These mechanisms likely work in concert, creating an immunological environment conducive to the development of anti-drug antibodies, thereby compromising treatment efficacy in patients with pre-existing anti-TROVE2 antibodies.

How can immunofluorescence assays be optimized for detecting anti-TROVE2 antibodies?

Optimizing immunofluorescence assays for anti-TROVE2 antibody detection requires careful attention to several methodological aspects:

• Substrate Selection: Use HEp-2 cells or TROVE2-transfected cell lines that overexpress the protein to increase sensitivity. For recombinant protein-based assays, immobilize purified TROVE2 Human, His Biotin at optimal concentrations (typically 1-5 μg/mL) on appropriate surfaces.

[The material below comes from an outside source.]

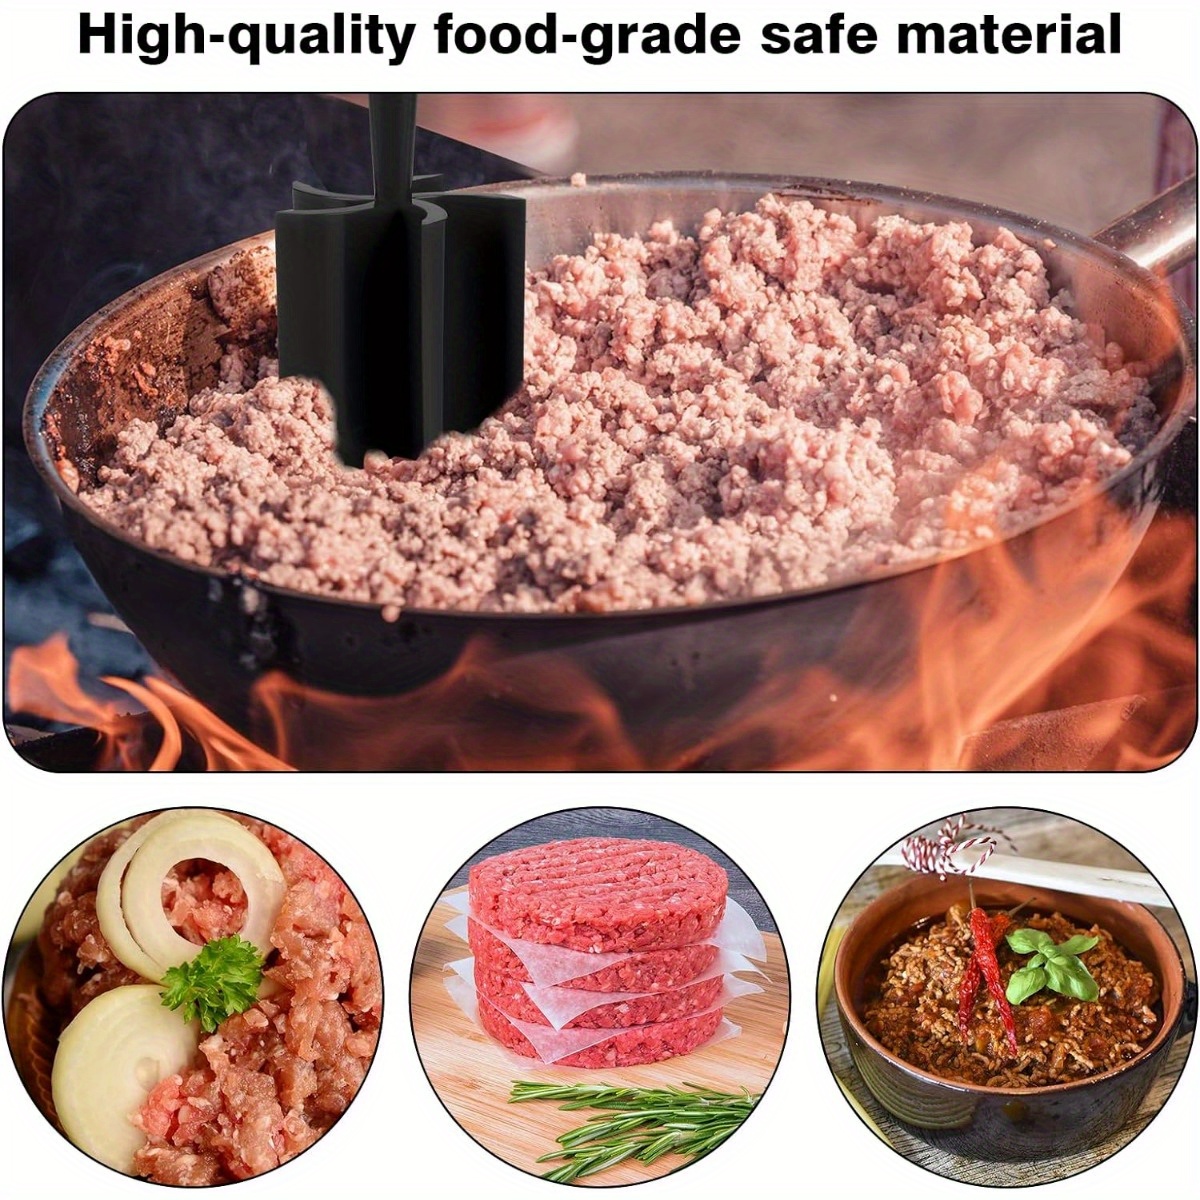  Meat Chopper, Ground Beef Masher, Heat Resistant Ground Beef/ Meat Chopper, Meat Masher & Smasher for Hamburger Meat, Ground Beef, Turkey  and More, Potato Masher, Nylon Hamburger Chopper, Mix Chopper: Home 
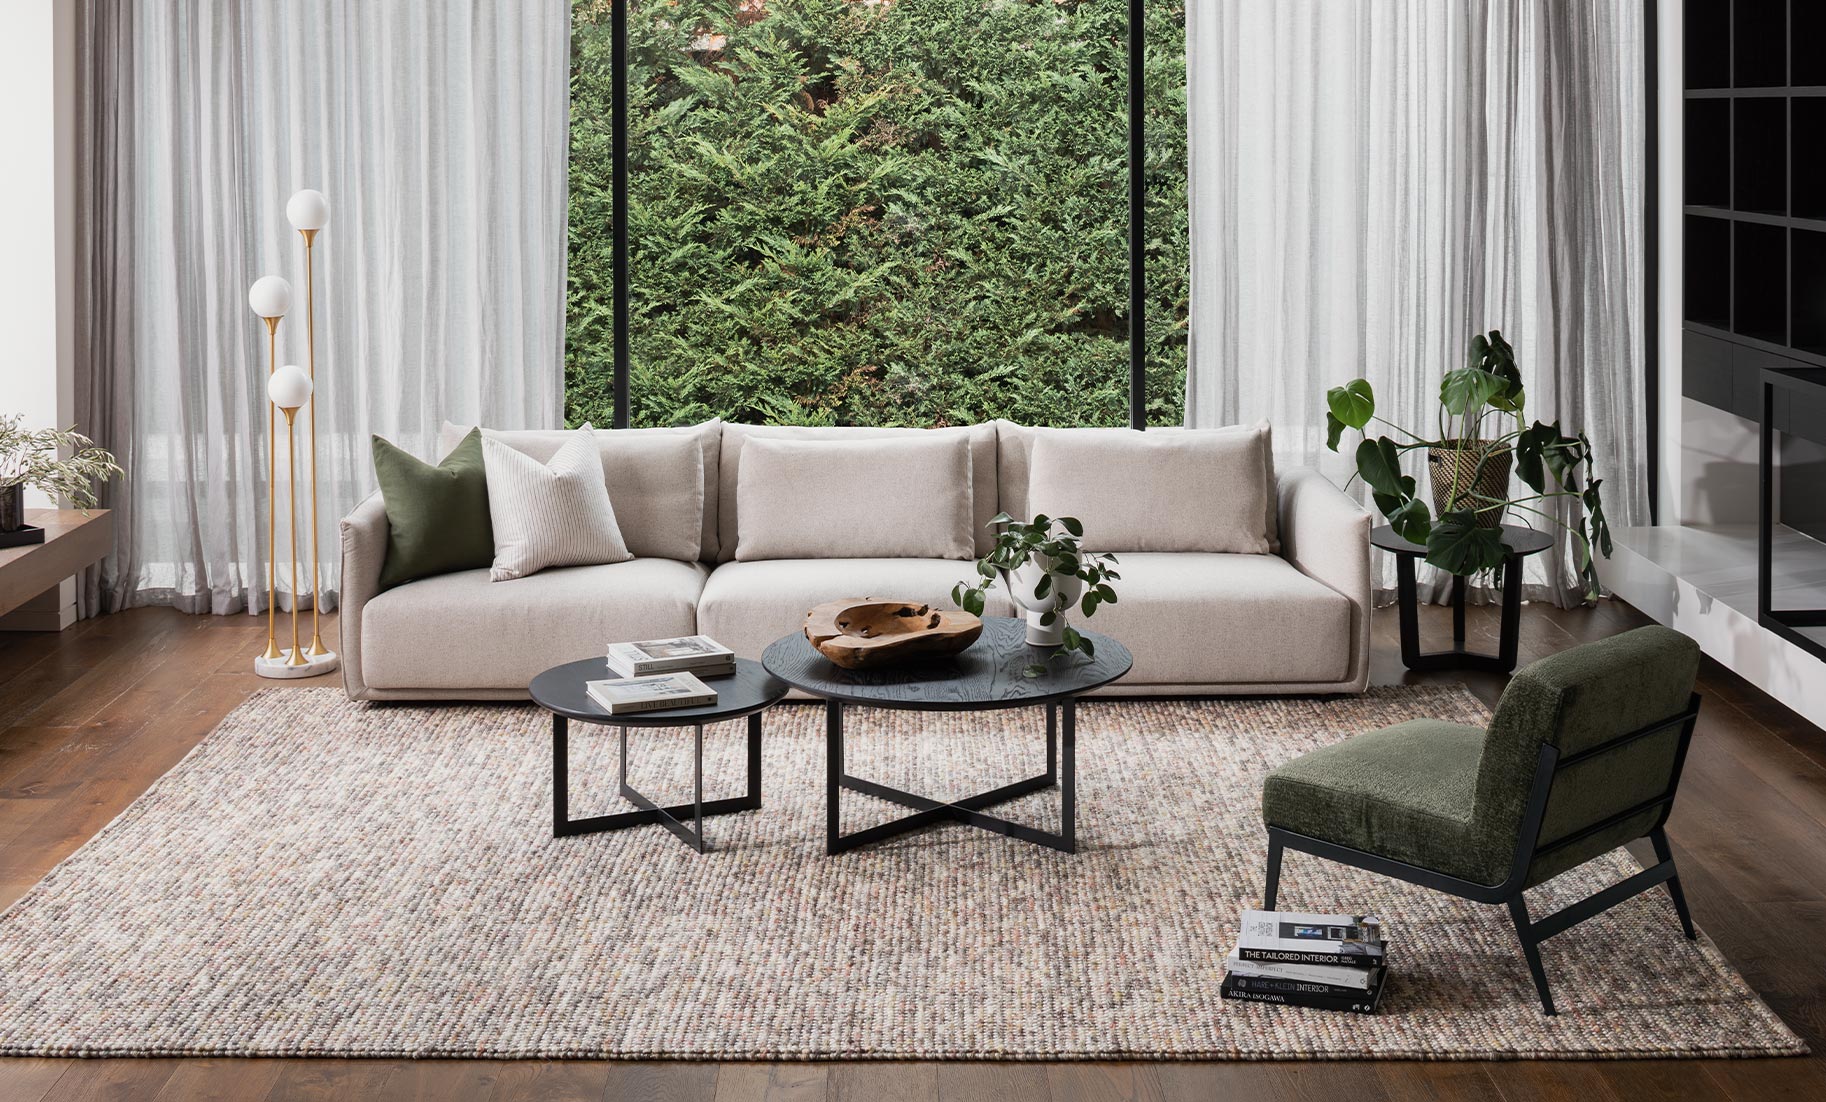 Insitu featuring magic spice, stella lounge, milton chair by The Rug Collection

• Blocking Protocol: Implement a thorough blocking step (1-2 hours) using 3-5% BSA or milk proteins in PBS to minimize background fluorescence and non-specific binding.

• Sample Dilution Series: Prepare patient sera in a dilution series (typically 1:40, 1:80, 1:160, 1:320) to establish optimal working dilutions and determine antibody titers accurately.

• Detection System: Utilize secondary antibodies conjugated with bright, photostable fluorophores (e.g., Alexa Fluor 488 or 594) rather than traditional FITC for improved signal-to-noise ratio.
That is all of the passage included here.